Input: str1 = "aaaaaaaa", str2 = "aaaaaaaa"
Output: "aaaaaaaa"

Naive Approach

A naive approach would involve generating all possible supersequences of str1 and str2 and then finding the shortest among them. However, this is highly inefficient due to the exponential number of possible supersequences. The time complexity would be exponential, making it impractical for even moderately sized strings.

Optimal Approach (Dynamic Programming)

The optimal approach uses dynamic programming to find the length of the longest common subsequence (LCS) of the two strings.

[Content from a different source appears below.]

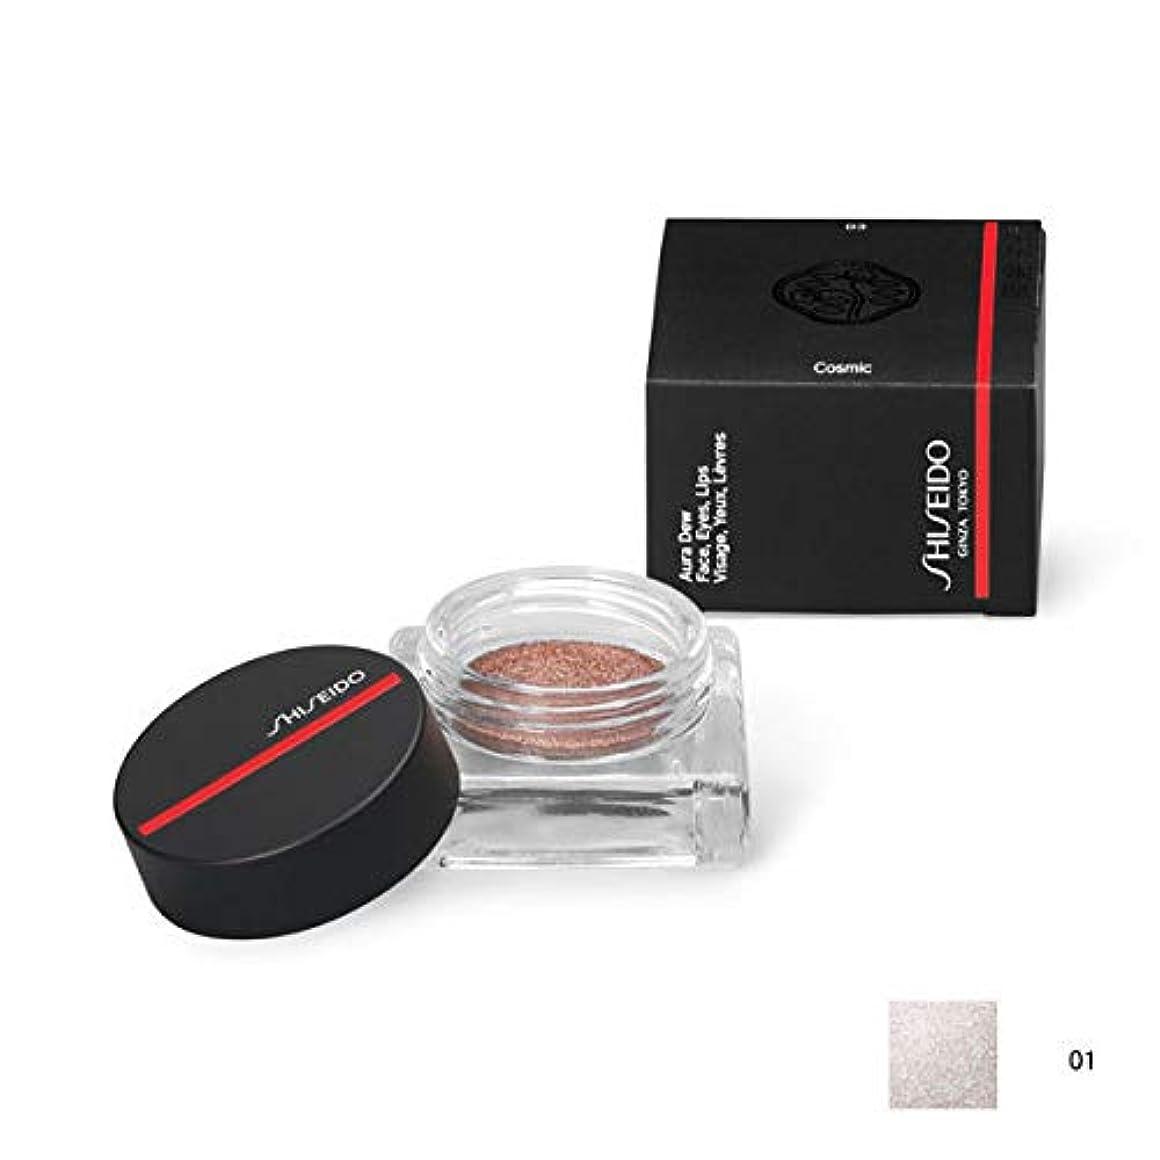 平日せせらぎ不毛SHISEIDO Makeup(資生堂 メーキャップ) SHISEIDO(資生堂) SHISEIDO オーラデュウ プリズム 4.8g (01)

Once the LCS is found, the shortest common supersequence (SCS) can be constructed.

  1. Find the Length of LCS:

    • Create a 2D DP table dp where dp[i][j] stores the length of the LCS of str1[0...i-1] and str2[0...j-1].
    • If str1[i-1] == str2[j-1], then dp[i][j] = dp[i-1][j-1] + 1.
    • Else, dp[i][j] = max(dp[i-1][j], dp[i][j-1]).
  2. Construct the SCS:

    • Start from the bottom-right cell of the dp table (i.e., dp[n][m], where n and m are the lengths of str1 and str2 respectively).
    • If str1[i-1] == str2[j-1], then this character is part of the LCS, so include it in the SCS and move diagonally up-left (i.e., i--, j--).
    • Else, if dp[i-1][j] > dp[i][j-1], then the character str1[i-1] is not part of the LCS, so include it in the SCS and move up (i.e., i--).
    • Otherwise, the character str2[j-1] is not part of the LCS, so include it in the SCS and move left (i.e., j--).
    • Append any remaining characters from str1 or str2 to the SCS.
    • Reverse the SCS to get the final result.

Code Example (Java)

class Solution {
    public String shortestCommonSupersequence(String str1, String str2) {
        int n = str1.length();
        int m = str2.length();

        // Compute the length of the LCS
        int[][] dp = new int[n + 1][m + 1];
        for (int i = 1; i <= n; i++) {
            for (int j = 1; j <= m; j++) {
                if (str1.charAt(i - 1) == str2.charAt(j - 1)) {
                    dp[i][j] = dp[i - 1][j - 1] + 1;
                } else {
                    dp[i][j] = Math.max(dp[i - 1][j], dp[i][j - 1]);
                }
            }
        }

        // Construct the SCS
        StringBuilder scs = new StringBuilder();
        int i = n, j = m;
        while (i > 0 && j > 0) {
            if (str1.charAt(i - 1) == str2.charAt(j - 1)) {
                scs.append(str1.charAt(i - 1));
                i--;
                j--;
            } else if (dp[i - 1][j] > dp[i][j - 1]) {
                scs.append(str1.charAt(i - 1));
                i--;
            } else {
                scs.append(str2.charAt(j - 1));
                j--;
            }
        }

        // Append remaining characters
        while (i > 0) {
            scs.append(str1.charAt(i - 1));
            i--;
        }
        while (j > 0) {
            scs.append(str2.charAt(j - 1));
            j--;
        }

        return scs.reverse().toString();
    }
}

Time and Space Complexity

  • Time Complexity: O(m * n), where n is the length of str1 and m is the length of str2. This is due to the dynamic programming approach which requires filling a 2D table of size (n+1) x (m+1).
  • Space Complexity: O(m * n) to store the DP table. The string builder used to construct the SCS contributes O(m+n) to the space complexity, but since this is dominated by O(m*n), the overall space complexity remains O(m * n).

Edge Cases

  • If either str1 or str2 is empty, the SCS is simply the other string.
  • If str1 and str2 are identical, the SCS is the string itself.
  • Consider overlapping or completely different strings to ensure the algorithm handles all scenarios correctly.